# Guide Green Tournament Heron



## Shicks007 (Apr 30, 2014)

Can't view the pic? Very exciting times. I picked up my Lodge Heron back in August. What are you going with for power and options? You are gonna love this boat!


----------



## permitchaser (Aug 26, 2013)

Nope


----------



## Swamp_Water (Oct 10, 2017)

Shicks007 said:


> Can't view the pic? Very exciting times. I picked up my Lodge Heron back in August. What are you going with for power and options? You are gonna love this boat!


Can you see the picture now? Guess the privacy setting weren't allowing anyone to see it... 
I saw your build thread and pictures, great looking boat!
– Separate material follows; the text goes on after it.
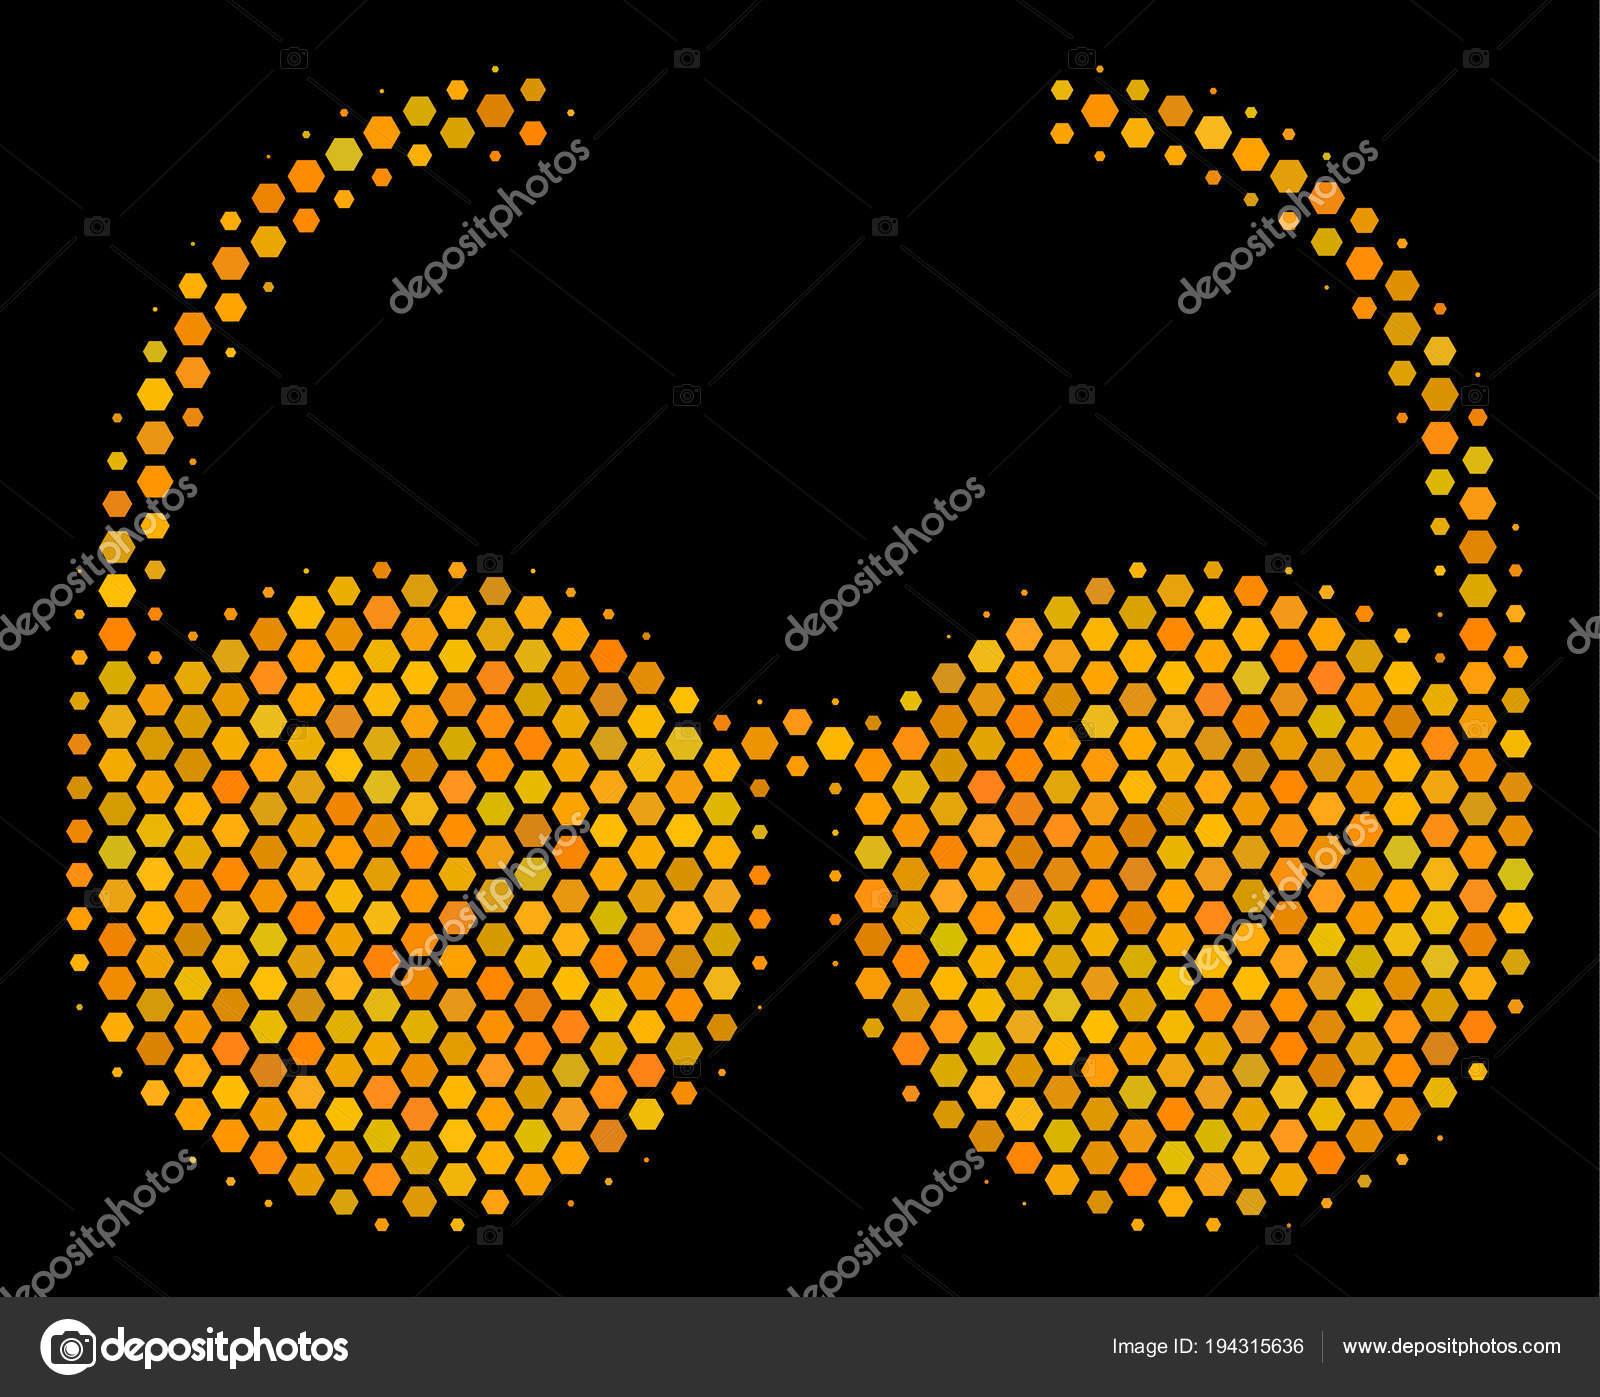 e37997556 Pictograma de ouro brilhante com padrão geométrico de mel pente em um fundo  preto. Conceito de vetor de ícone de óculos feito de células de ...

Almost went with that color, but ultimately decided on guide green. As for power and options, 60 E- Tec, poling platform, center console that has the jumpseat and is plumbed as a second live well and/or act as a cooler. Nothing crazy.


----------



## Godzuki86 (Nov 30, 2013)

I see the picture


----------



## Backwater (Dec 14, 2014)

permitchaser said:


> Nope


???


----------



## Megalops (Oct 23, 2011)

permitchaser said:


> Nope


You gotta be logged in to see pic, Permy.


----------



## Megalops (Oct 23, 2011)

Megalops said:


> You gotta be logged in to see pic, Permy.


In retrospect, you were logged in to post nope, so there goes that theory.


----------



## CPurvis (Apr 6, 2016)

Swamp_Water said:


> After months and months of waiting, I got a call a couple weeks ago from Miss Rose letting me know they would be starting my Tournament Heron! I'll be heading down there on Monday to have a look first hand of the progress. But in the meantime she did send me a teaser picture today of my hull after it came out of the mold. I will post more pictures next week after my visit.View media item 2056


Nice skiff! I like the Heron hull design. Keep us updated with pictures.


----------



## slewis (Sep 8, 2015)

Cant go wrong with guide green!


----------



## Jerseyjumbo (Oct 14, 2017)

Nice, just put down my deposit for the heron a couple weeks ago.. It's going to be a long wait, hopefully it goes fast. Have not picked out color think maybe green or gray


----------



## Godzuki86 (Nov 30, 2013)

UnitedFly said:


> Cant go wrong with guide green!


You're biased so your thoughts don't count!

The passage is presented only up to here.